On this weekend I was accompanied by Blake, this is a good partnership. Blake and I are two peas from a pod, often assumed to be brothers. However, it has been a friendship that has weathered a few storms and was strong form the start. For the simple aspect of pleasure Blake may be best suited as my hunting partner, never a lot of stress or worry and always a ton of effort. He soon had grown weary of the picture taking and I knew it was time to hunt. Blake was there for support and so with each question his answer was simply it is your hunt. Before long we were traversing a ridgeline, for those who haven't spent time in the west desert these are some old volcanic mountains. Many of them have a knife-edge ridgeline. As Blake walked the knife edge (years of practice as a framer) I crawled along on all fours. The first weekend found us finding but 6 deer. 1 appeared to be a shooter but time, elevation and distance prohibited us from a stalk. This weekend did provide the information I was searching I now knew a little more of the area and would be better prepared for my return hunt. I neglected to take any photos of the Simpsons, certainly a wasted opportunity; I did however find a few speed goats that were not camera shy.

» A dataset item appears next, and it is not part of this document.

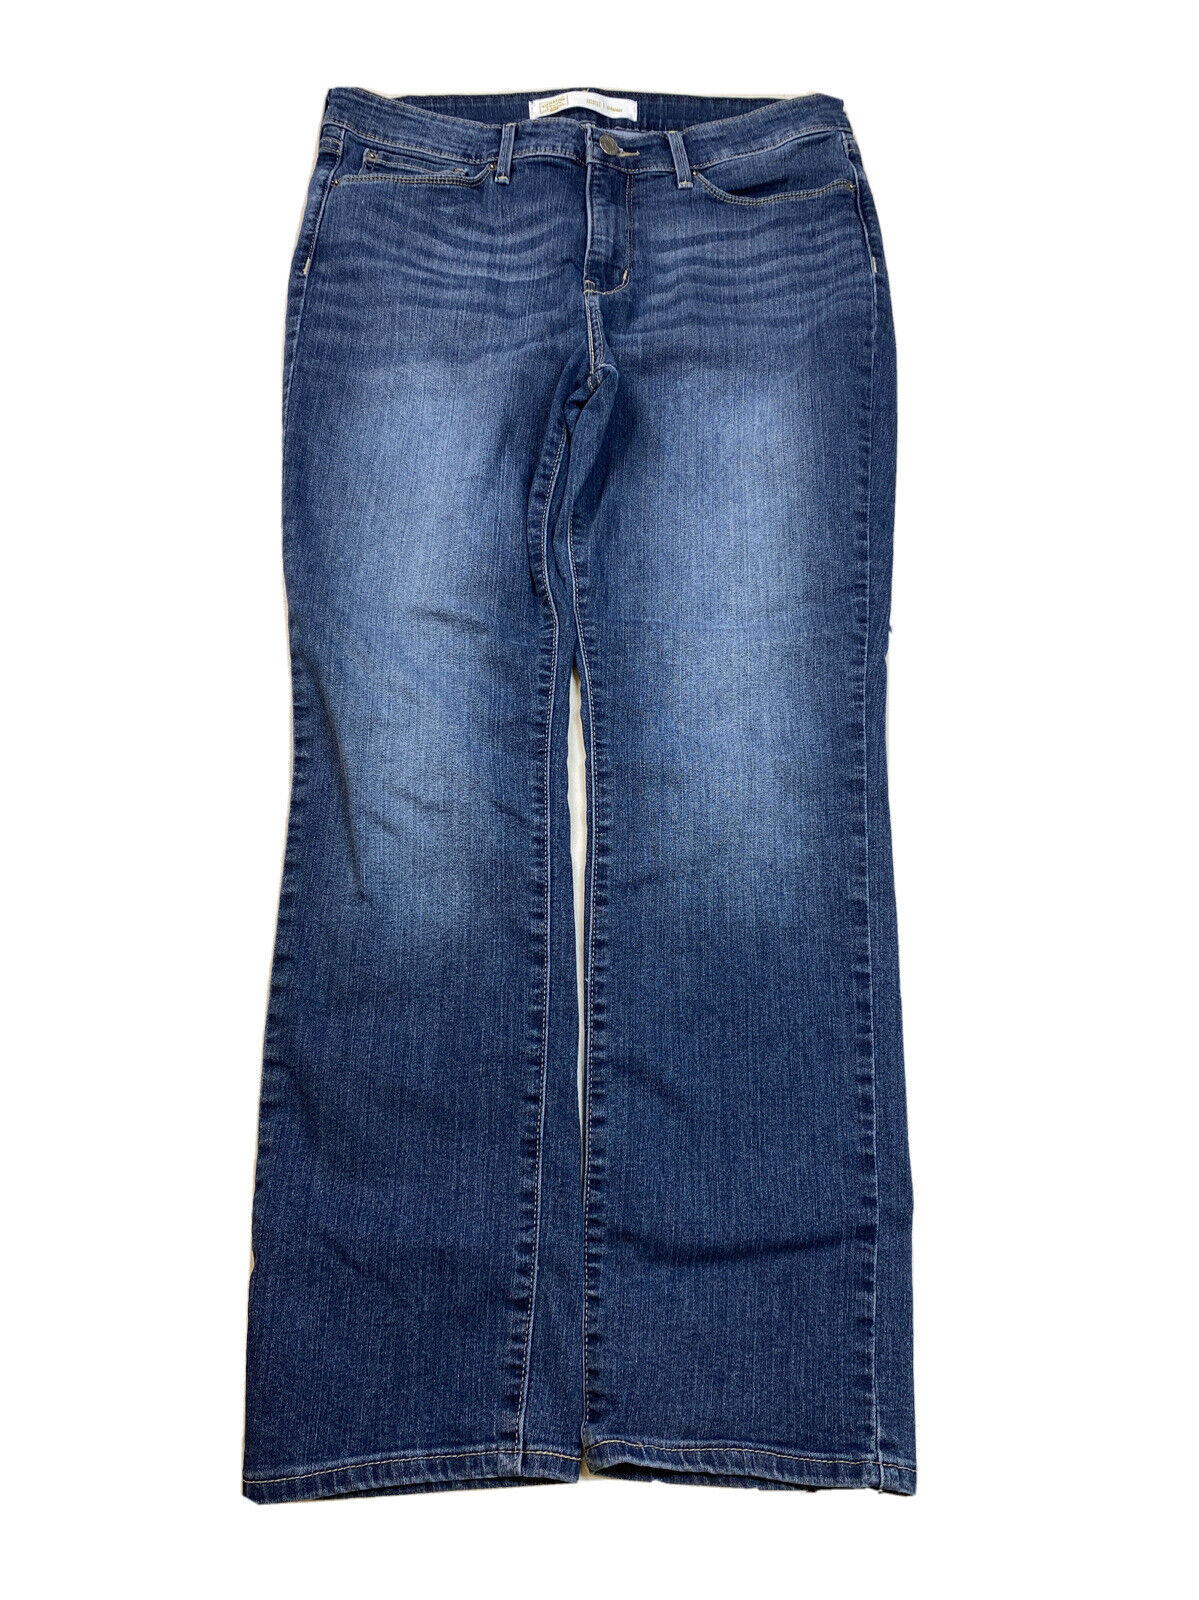 Levis Signature Women's Medium Wash Shaping Straight Jeans - 10 Short

[attachment=0:3ivkpfhi]vernon antelope3.JPG[/attachment:3ivkpfhi]

[attachment=1:3ivkpfhi]vernon antelope2.JPG[/attachment:3ivkpfhi]

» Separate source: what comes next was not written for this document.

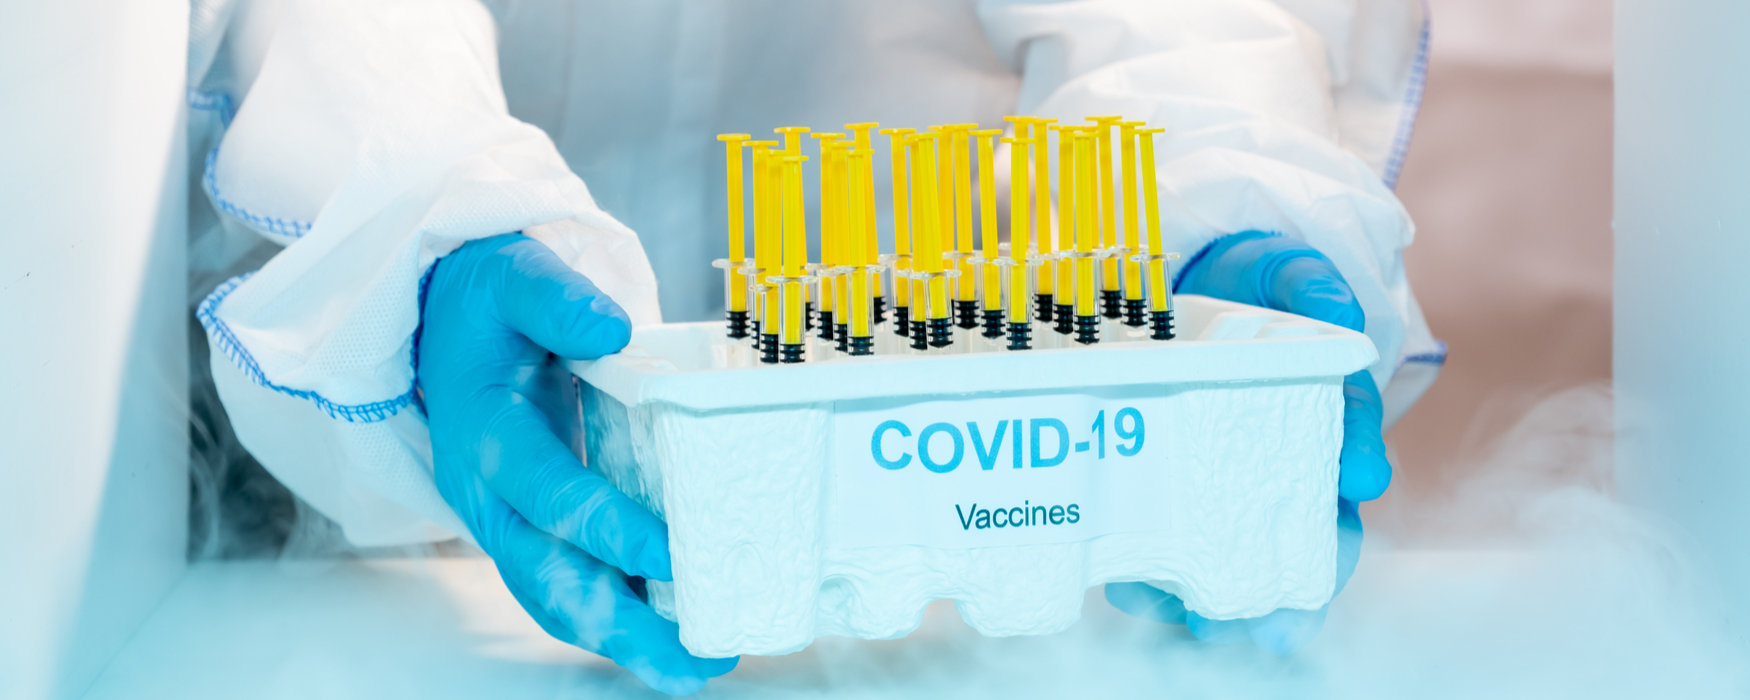 Maine covid vaccine freezers - covid 19 vaccine freezer - vaccine storage in Maine

[attachment=2:3ivkpfhi]vernon antelope1.jpg[/attachment:3ivkpfhi]


----------



## utfireman (Sep 7, 2007)

Well go on and tell us more!!!!!


----------



## mack1950 (Sep 11, 2007)

For what its worth i think you did fine vernon is known for its big twos and threes and while every one wishes for a 30 inch plus 4 by 4 are bigger the fact is there not under everybush and your gonna have to have a bit of luck in your pocket to get one. so you buck is by no means one to be ashamed of just to bad they dont give points for taking a managment deer but beleive me a say alot smaller bucks getten hammered day in and day out so in a nutshell you did fine no reason to hang your head over a fine buck like that


----------



## mulepacker (Sep 11, 2007)

Upon returning home I wasted no time getting to Mike's as my excitement for the hunt had increased. Mike had just returned home from the days hunt, it was easy to see that he was tired. His excitement to return to the Vernon had also waned. I figured a day to recoup and he would be back to normal. Mike had actually been the motivation in hunting the Vernon the last 5 days this accommodated his schedule. However, by Wednesday morning a phone call confirmed that Mike had caught a bug and could not make the trip to the Vernon. I was left in a precarious position. From what I had observed on my first trip I was not willing to return alone to crawl along the outcroppings, nor was my family excited about me being in country I was not familiar with. It appeared my tag would certainly be a wasted opportunity.
I had a great upbringing, my wife occasionally feels that my raising gave me an over abundance of self-esteem. However, I am thankful for this fiber in my fabric, I was often reminded that where there is a will there is a way. I soon was back on my way to the Vernon, not with a favorite hunting partner, but with my best friend. With a little shuffling and effort my wife and I would return to hunt the last three days. Friday morning found us meandering down the east side of the unit, an area where some of you suggested I should find some deer and that would be more accessible than the Simpson's. By 10:30 I had definitely seen a "few " deer, in fact deer seemed to be everywhere. A few short walks and I glassed more bucks than a guy would see in a year on the Cache, including winter. With the abundance of deer, I was certain I could find a wall hanger in the next three days. Soon the heat of the day had forced the deer in to the never-ending canopy of Cedar Trees. We located a nice camp spot near Vernon Reservoir; the latrines would also make camping a little more user friendly. Here is a buck that in hindsight I should have taken.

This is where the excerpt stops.